I often reflect on the sense of alienation felt by many students as part of our school experience, particularly in our years of secondary school.  There always seemed to be a sense of disconnection between what was being taught during the hours of 8 am and 3:30 pm, and what was going on in the rest of our lives.  For many of us, school could at times feel like an internment.  However, there were the occasional opportunities to feel free and inspired.   It is interesting to me that these occasional experiences are the ones I recall with the most pride about my school.  I recall hula dancing in Waikiki and at community centers on O’ahu from as early as elementary.  Thankfully, in Hawaii we have a strong tradition of passing on knowledge through demonstration.  Our teachers taught us  to exhibit our knowledge with pride and perform with the public in mind.  I recall drama classes taught by Kati Kuroda, that today seem so far reaching in scope, I am amazed at what we had accomplished.  Our sixth grade class managed to produce an authentic style Chinese opera, complete with costumes, make up, instruments and musicians.  This production, as all our efforts with Mrs.

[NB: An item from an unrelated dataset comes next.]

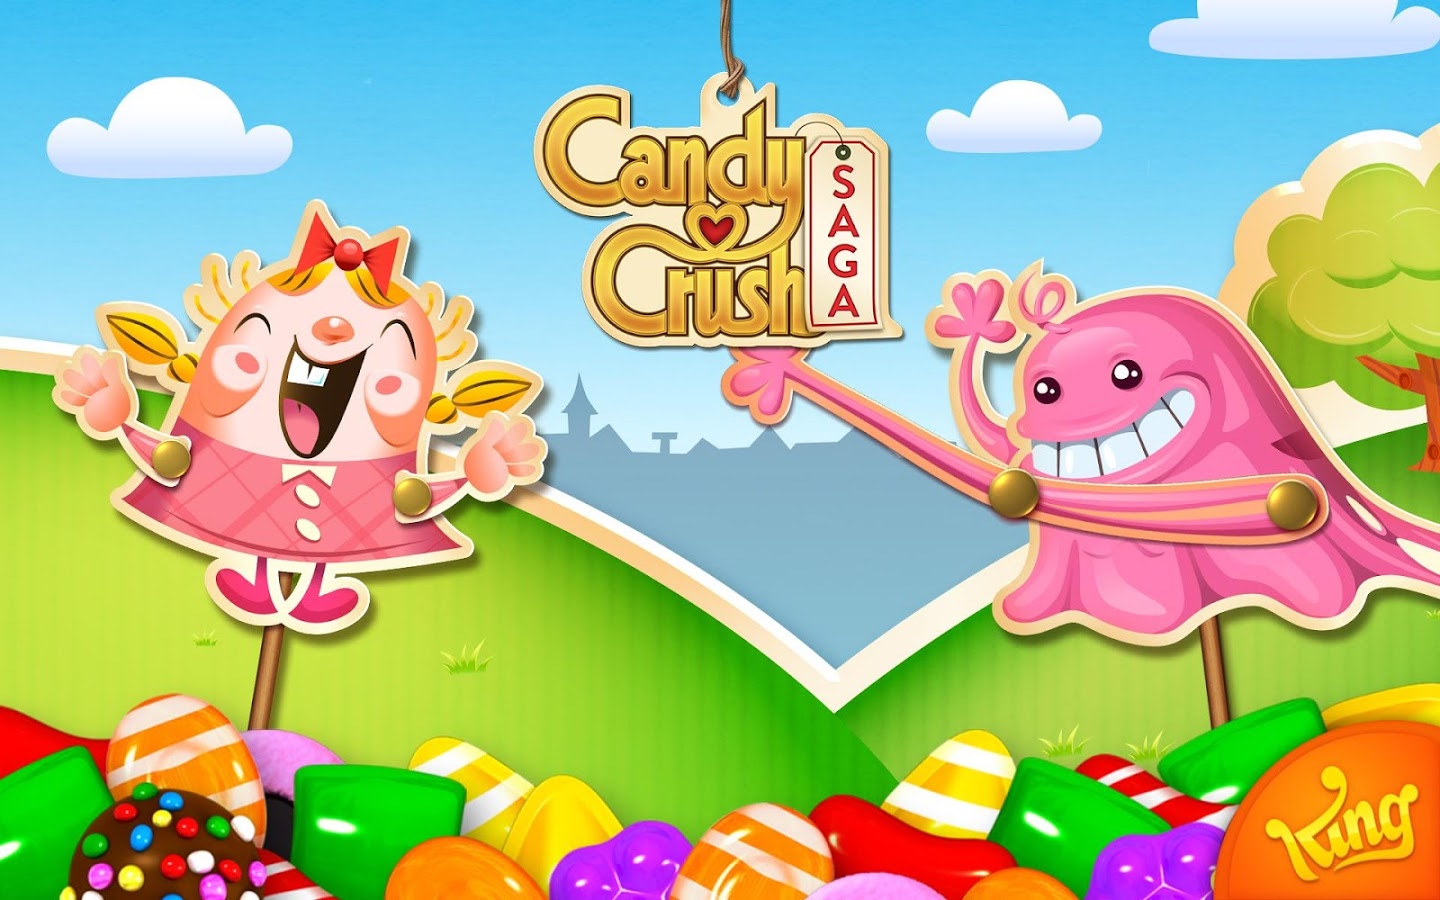 1. "Candy Crush Saga Nail Art Tutorial" - wide 2

Kuroda, was completely produced by fellow classmates.   Again, the whole point of the curriculum was to create something to exhibit to the public.  To Ho’ike.  I imagine that for most students that get involved with the arts, there  is an engagement to a larger community.  This may have offset the skull drudgery we have all felt from a typical classroom lecture and may have lead to greater understanding through a deeper more meaningful experience.  After all, we were proudly creating something of value, sharing it, and receiving feedback from those around us.   There truly is something joyful in the creative process when it is given freely to others!